January realized the man in the black coat, whose face was vaguely familiar to him, was the Reverend Micajah Dunk, in whose honor Emily Redfern had gone to battle
with the entire Creole community over the matter of musicians.
He passed on, shaking his head. A market-woman pointed out the man he sought, sitting alone at a table with a cup of coffee and beignets before him. January approached him, held out his hand: “Natchez Jim?”
“I was last time I looked.” The boatman smiled, and clasped January’s fingers in a grip like articulated oak logs. “You’re the musician, Mamzelle Snakebones’s brother.”

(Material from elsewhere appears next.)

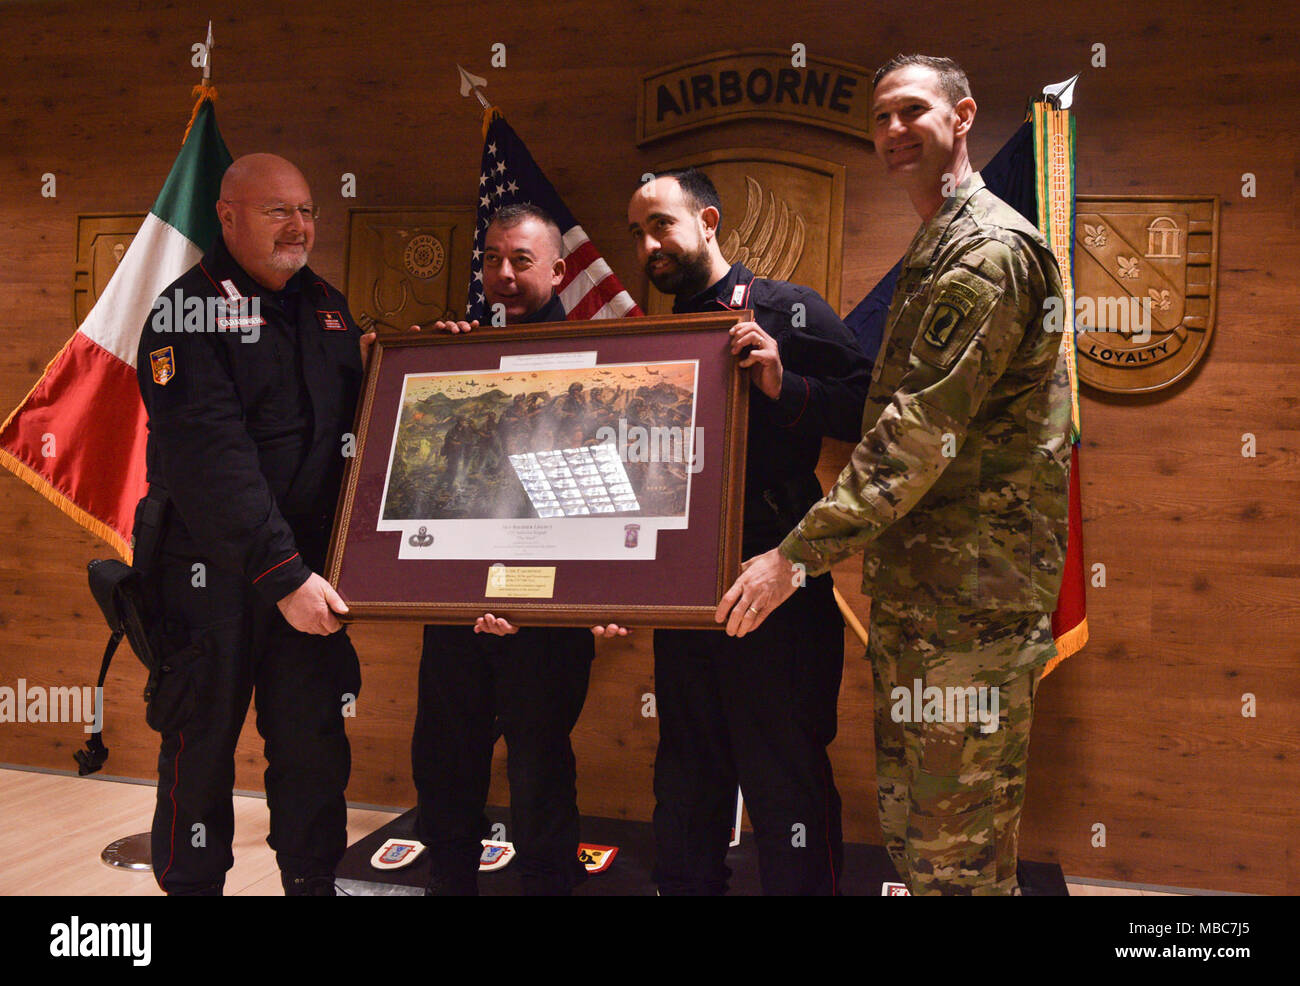 Colonel Jay Bartholomees präsentieren die Carabinieri mit einem eingeschrieben Bild von der Linie der 173Rd Airborne Brigade als Anerkennung für ihre anhaltende Unterstützung des Sky Soldier Mission. Stockfoto

“Last time I looked,” replied January, and Natchez Jim gestured him to the other chair. The boatman was bearded, his hair a mass of braids like a pickaninny’s, done up in string. His clothing had all started out different colors shortly after Noah’s flood but had weathered to the hue of the river on a bleak day. He smelled of pipe tobacco and badly cured fur, but his French, except for an occasional Creole pronunciation, was the flawless French of Paris. “My sister told me you’d be willing to take someone upriver to Ohio.”

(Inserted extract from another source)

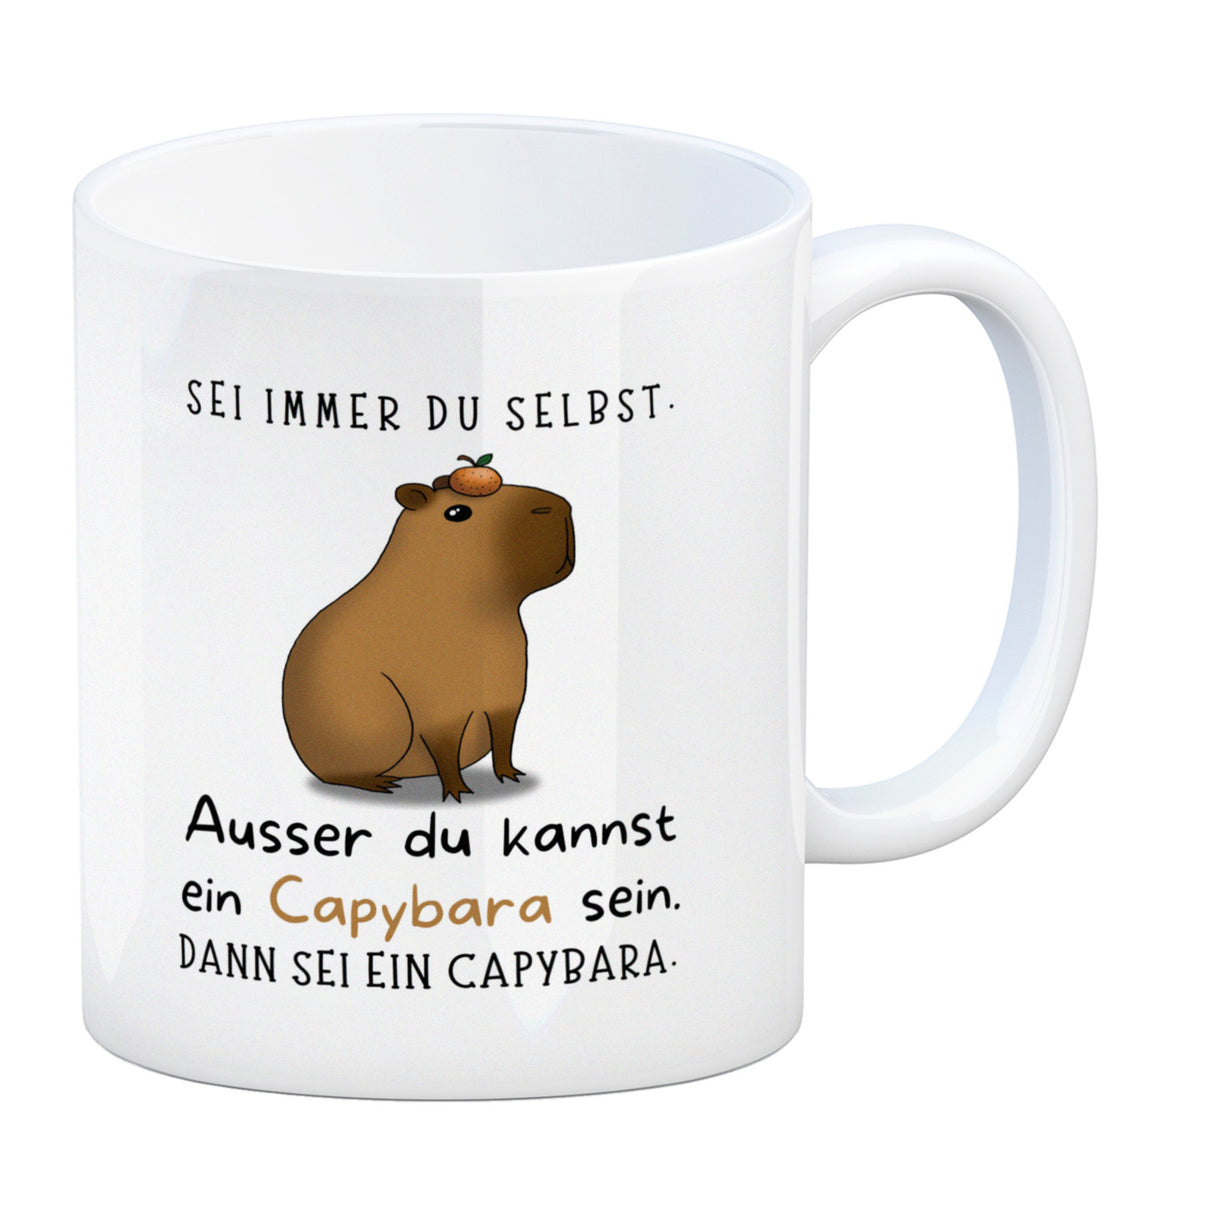 Kaufen Sie jetzt den Capybara Kaffeebecher - Sei immer du selbst

“She told you that, did she?” Jim gestured, asking if January wanted some coffee, and January shook his head. He propped the dripping umbrella against the side of his chair; rain still thundered on the tiles overhead and veiled the cathedral, away across the Place d’Armes, in opaline curtains of moving gray. “It might so be. I owe her many favors, your sister.”
He fished from the front of his shirt a grimy ribbon that had once been red, with a flannel juju bag on the end of it. “This has saved my life, not once but time and again. He’s an angry man, the river. Sometimes all you can do is stay close in to the bank, that he see you not. Yes, I told her I’d take a passenger. Four days, five days it must have been. She spoke then as if it would be soon. Is your friend ready to travel?”
January shook his head. “She’s disappeared. We can’t find her. I sought you out to see if you had taken her already, Friday night.”
“Not me.” The boatman replaced his juju bag in his breast. “Have you checked the fever hospitals? The cholera wards? It takes one fast, the cholera.”
“I work at Charity,” said January. “I haven’t seen her there, or at the Ursulines.”
“There’s a place that’s opened near the turning basin, up in the Swamp where the keelboatmen stay: St. Gertrude’s, I think. If she’s a runaway she may be there.”